## DATA
=== Section Start ===

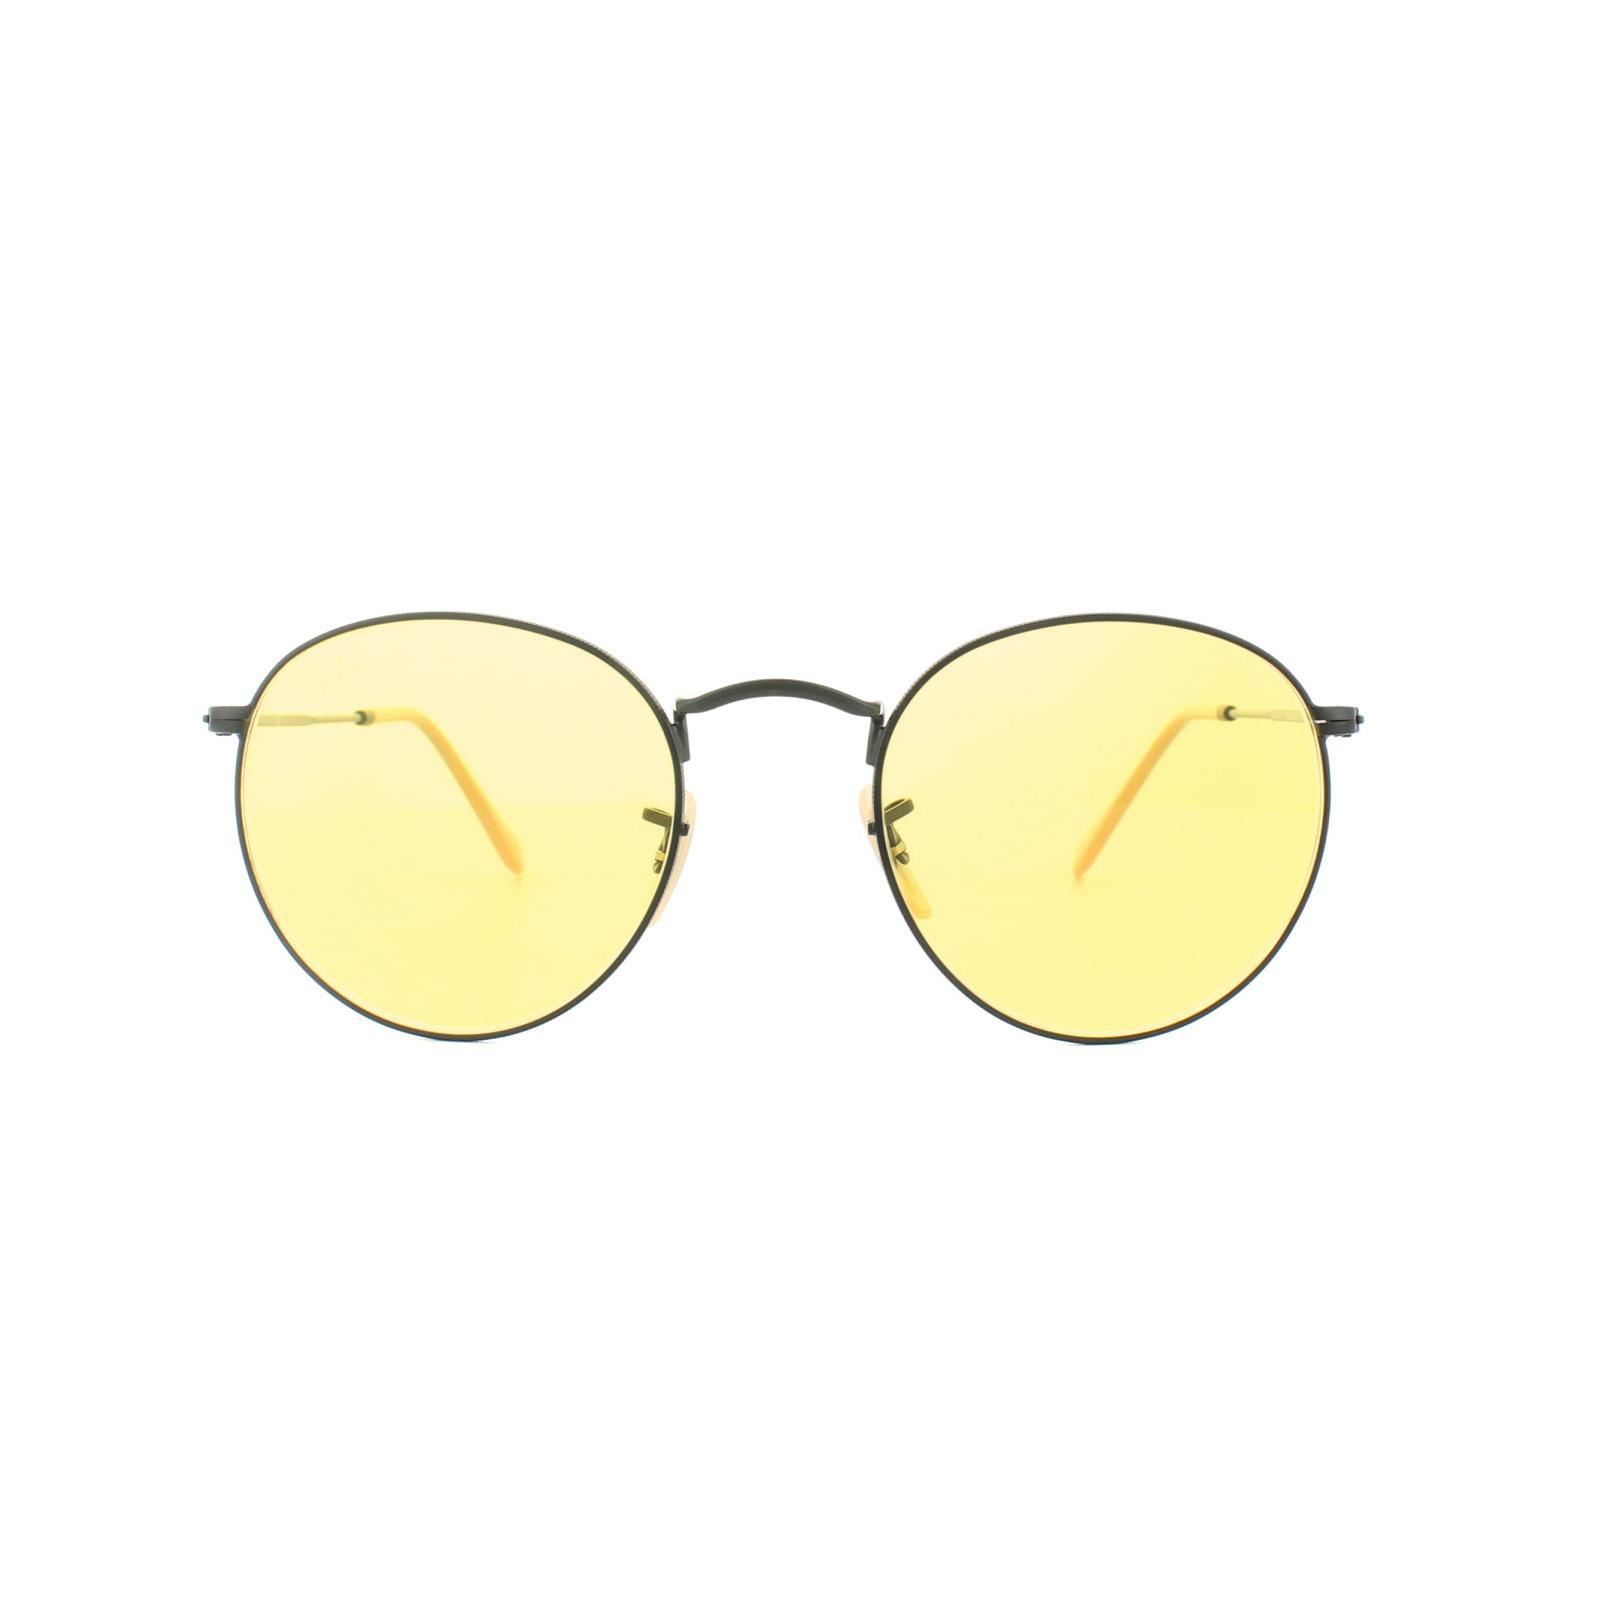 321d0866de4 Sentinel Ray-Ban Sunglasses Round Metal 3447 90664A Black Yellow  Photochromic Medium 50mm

=== Section End ===
=== Section Start ===

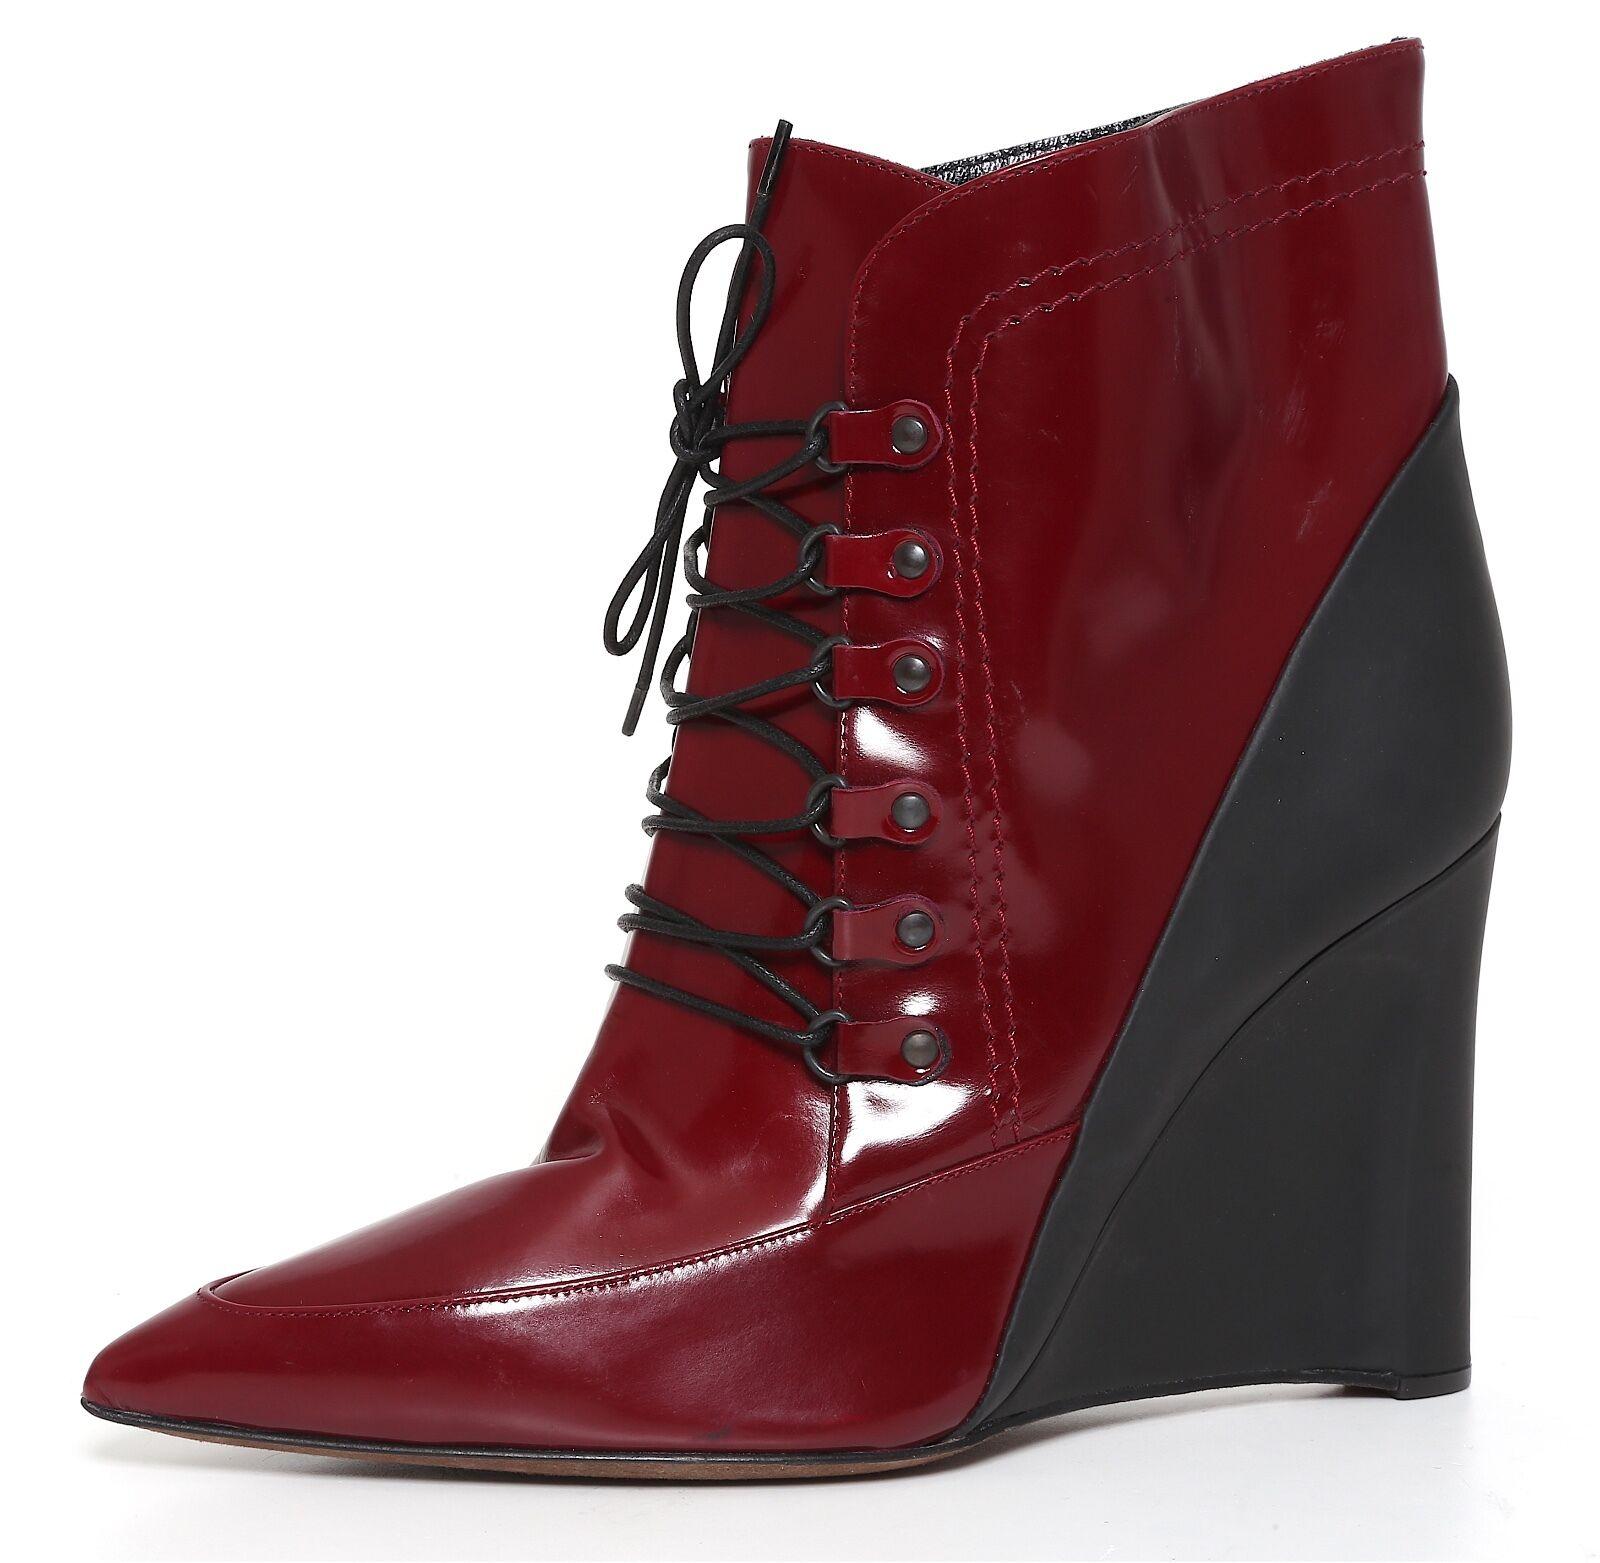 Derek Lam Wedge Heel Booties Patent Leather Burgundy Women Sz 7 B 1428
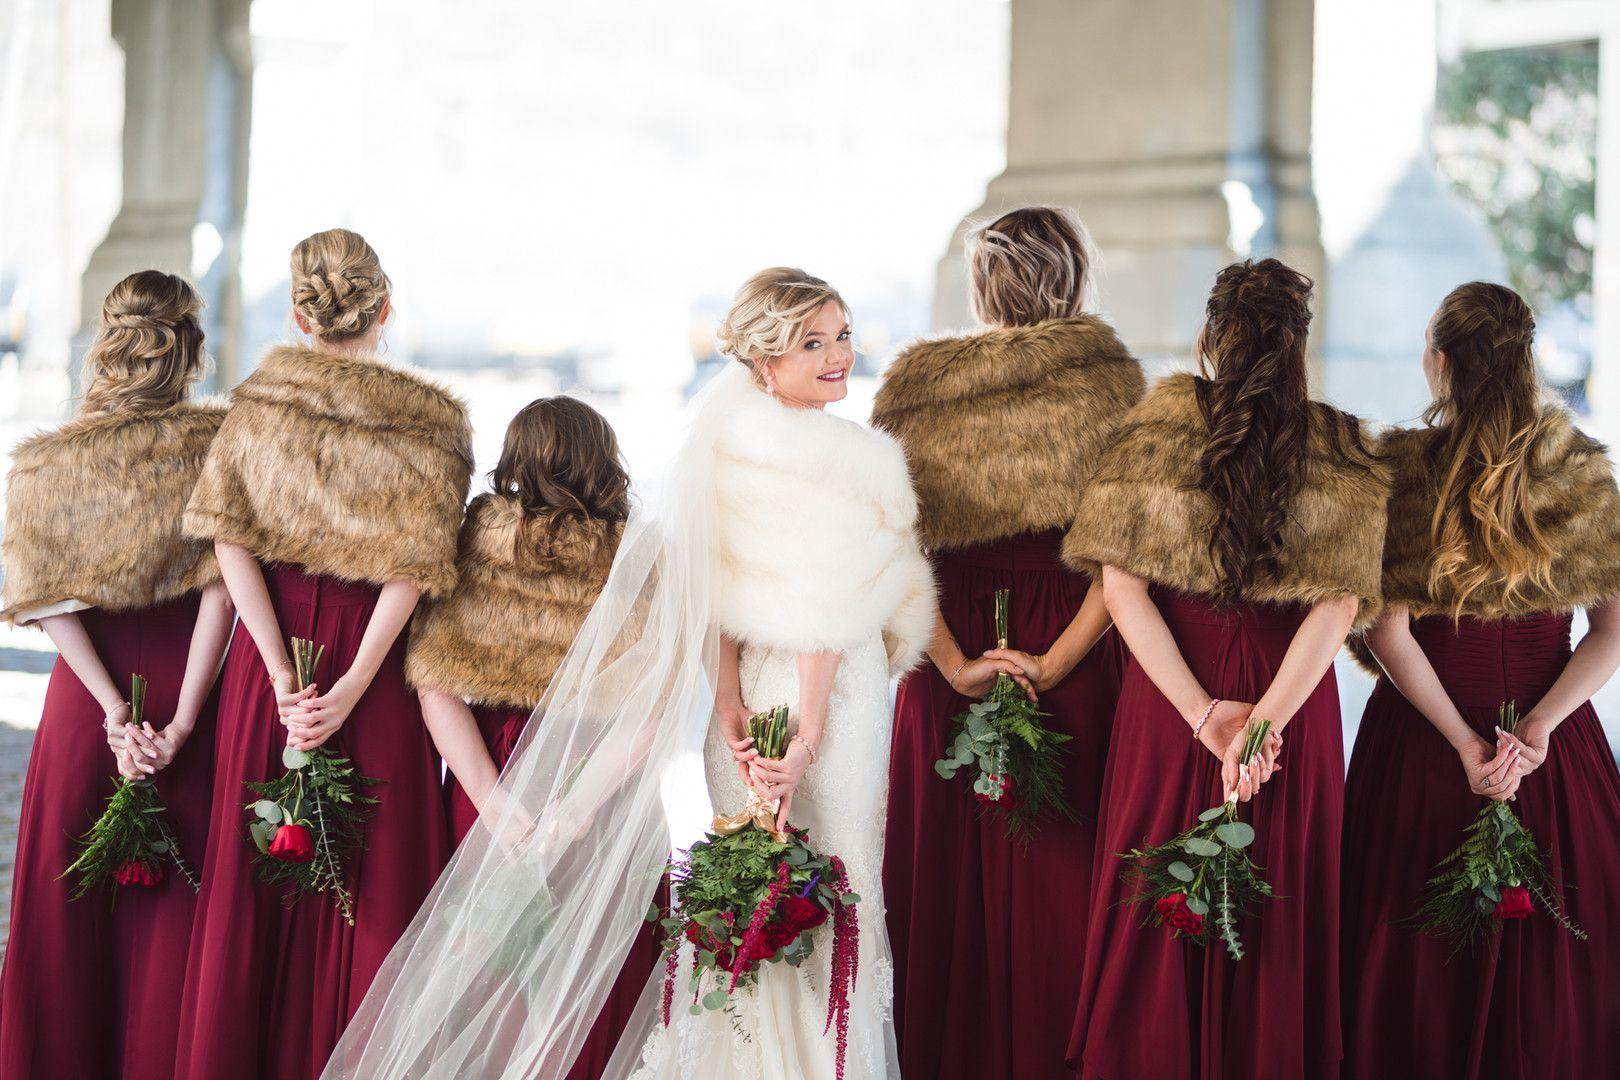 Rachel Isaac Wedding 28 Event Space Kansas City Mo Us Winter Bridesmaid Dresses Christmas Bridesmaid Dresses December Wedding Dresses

=== Section End ===
=== Section Start ===

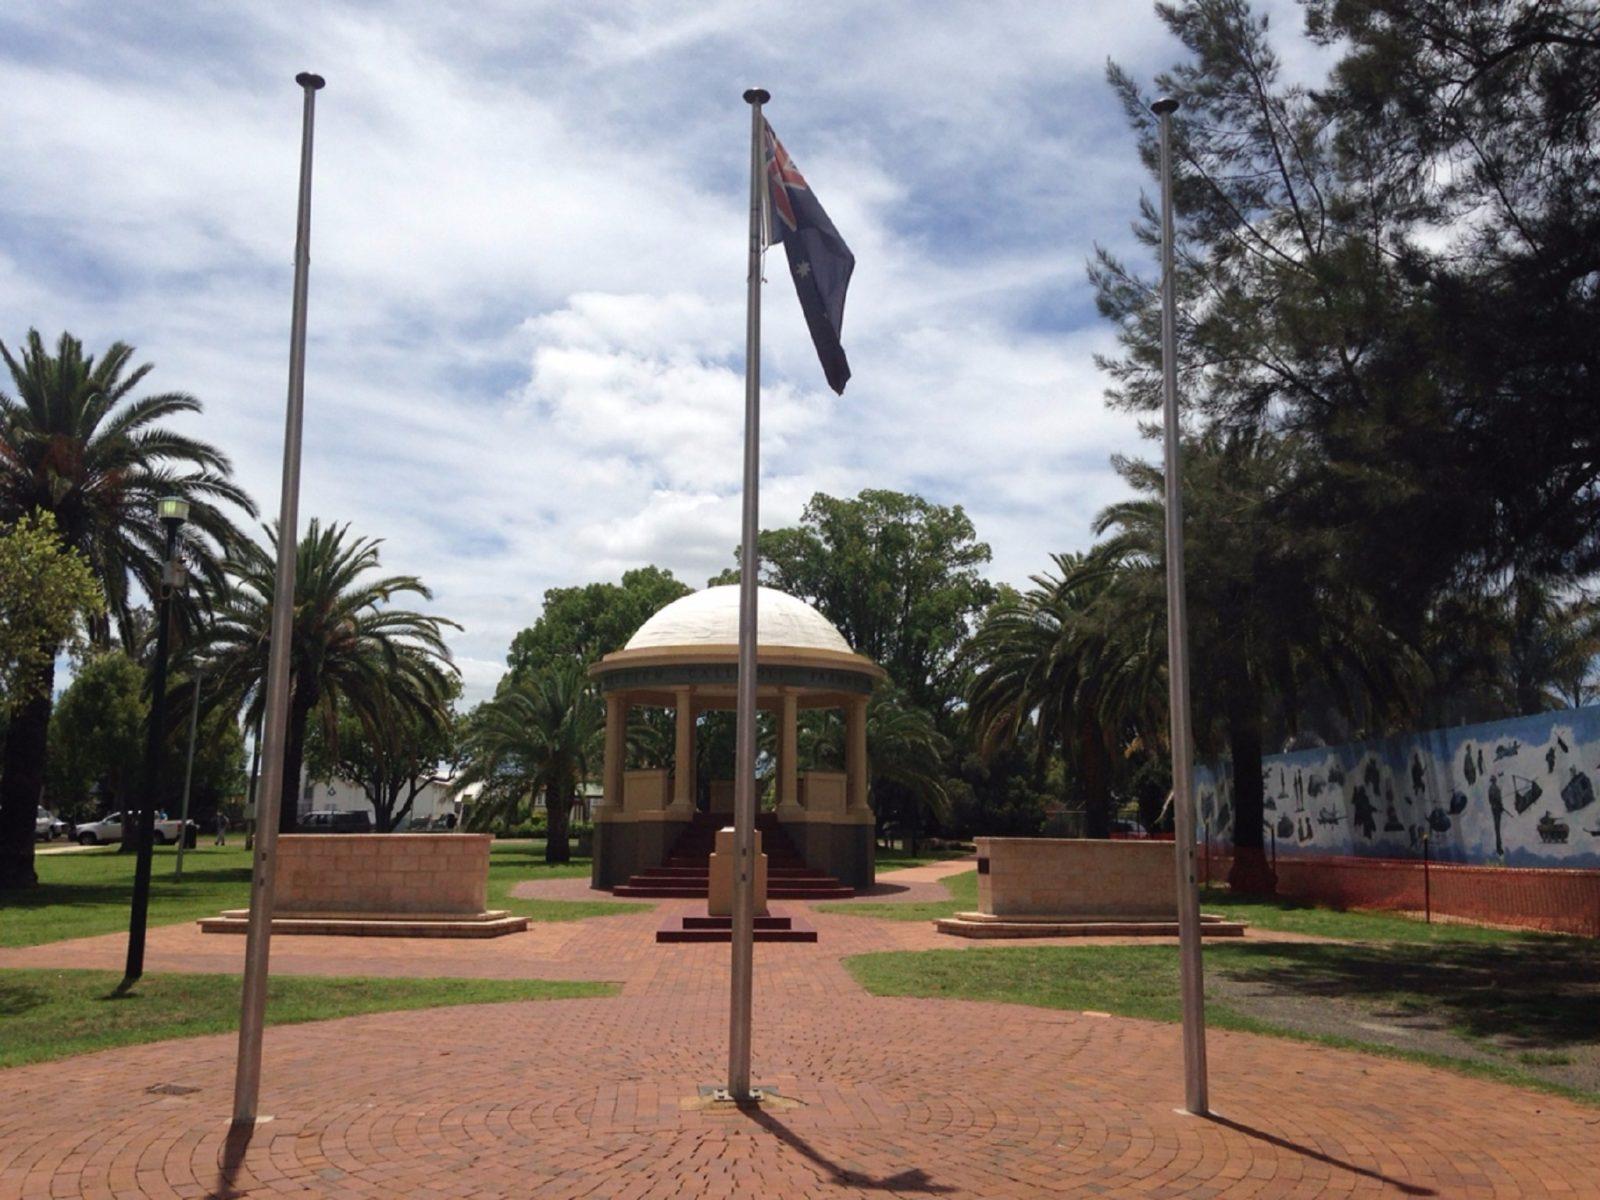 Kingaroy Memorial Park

=== Section End ===

## WHAT IS EXPECTED
When you reach the line that has "Derek Lam Wedge" in the data above, start repeating lines exactly, and stop after the line that has "Rachel Isaac Wedding"; pictures stay out.

## RESPONSE TO THIS EXERCISE
 Derek Lam Wedge Heel Booties Patent Leather Burgundy Women Sz 7 B 1428
 Rachel Isaac Wedding 28 Event Space Kansas City Mo Us Winter Bridesmaid Dresses Christmas Bridesmaid Dresses December Wedding Dresses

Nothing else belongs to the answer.